Monday, September 5, 2016

The War at Home: A Wife's Search for Peace (and Other Missions Impossible) by Rachel Starnes

Paperback, 256 pages
Published July 5th 2016 by Penguin Books

When she fell in love with her brother’s best friend, Rachel Starnes had no idea she was about to repeat a painful family pattern—marrying a man who leaves regularly and for long stretches to work a dangerous job far from home. Through constant relocations, separations, and the crippling doubts of early parenthood, Starnes effortlessly weaves together strands from her past with the relentless pace of Navy life in a time of war. Searingly honest and emotionally unflinching—and at times laugh out loud funny—Starnes eloquently evokes the challenges she faces in trying to find and claim a sense of home while struggling to chart a new path and avoid passing on the same legacy to her two young sons. 

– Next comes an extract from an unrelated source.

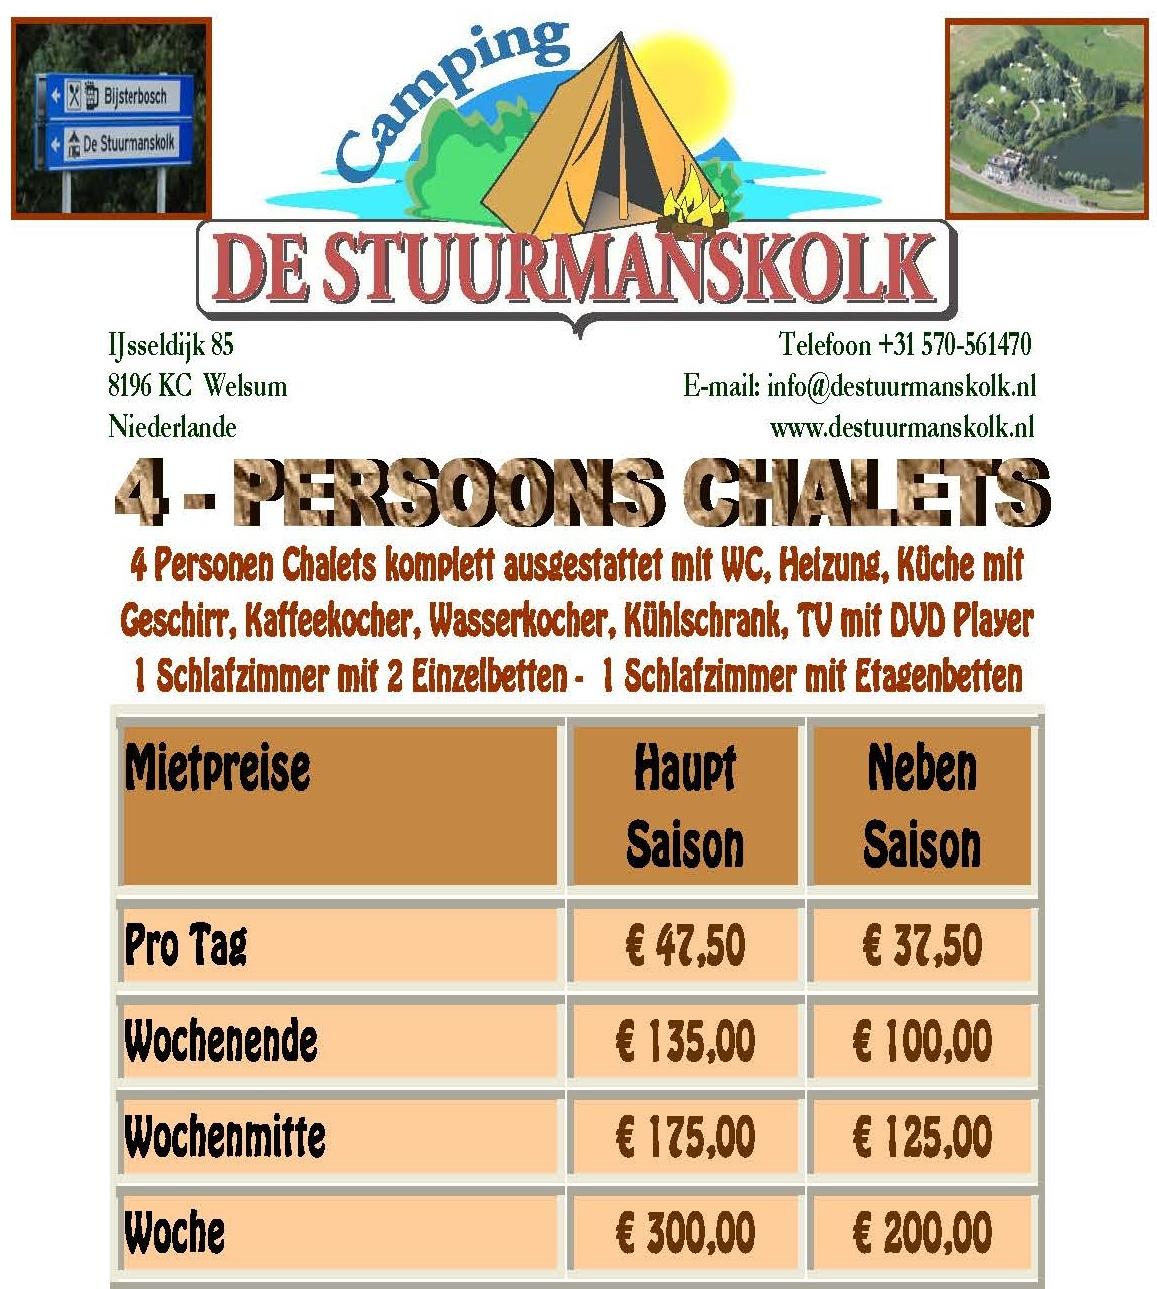 Prijzen camping 2013 duits1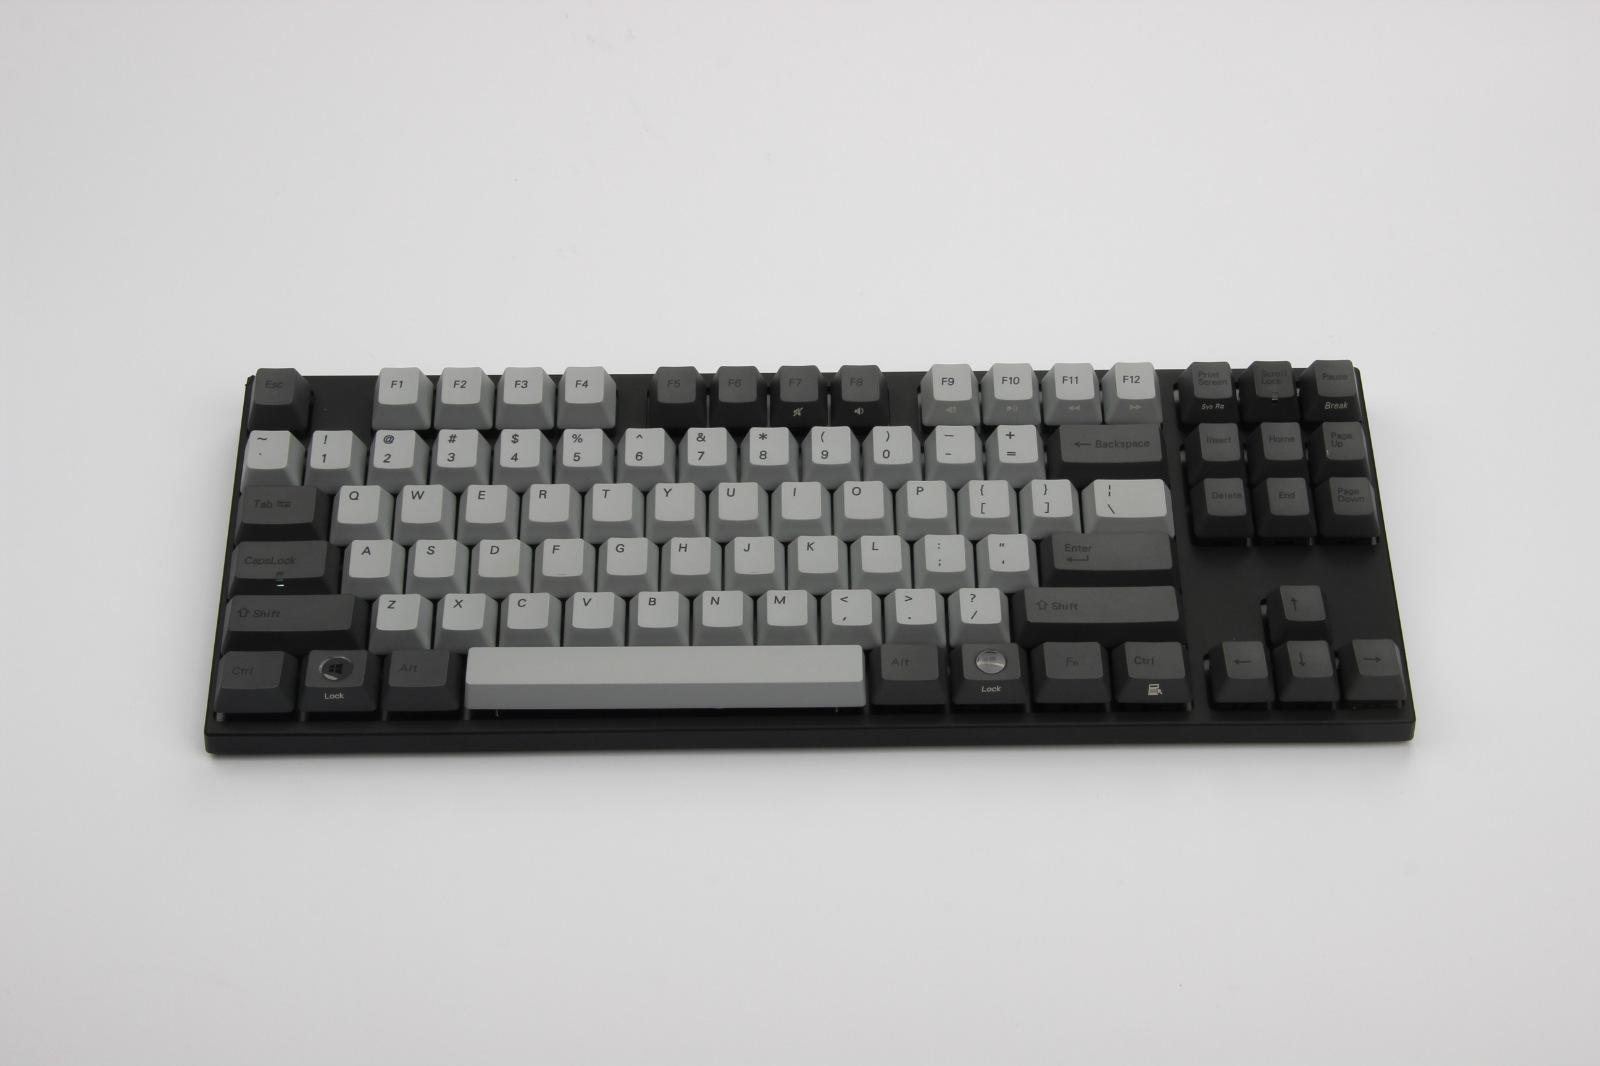 Varmilo Vb87m Bluetooth Mechanical Keyboard Mx Cherry

At once a portrait of the devastating strains that military life puts on families and a meditation on what it means to be left behind,
 The War at Home is a brave portrait of a modern military family and the realities of separation, endurance, and love that overcomes.

My Thoughts…

The War at Home is an unique look at a wife’s perspective on military life and the challenges it will bring to your life.    Most military books I have read focus on the one who is serving in the military and the challenges that they face, in this book it is told from the person left home.    I am not a military wife and have no experience with being in the military other than a few good friends who are part of military families.   This book is a great eye opener to what a family goes through with the decision to be made, the separations, the  stresses, and just the way of life when the military is involved.  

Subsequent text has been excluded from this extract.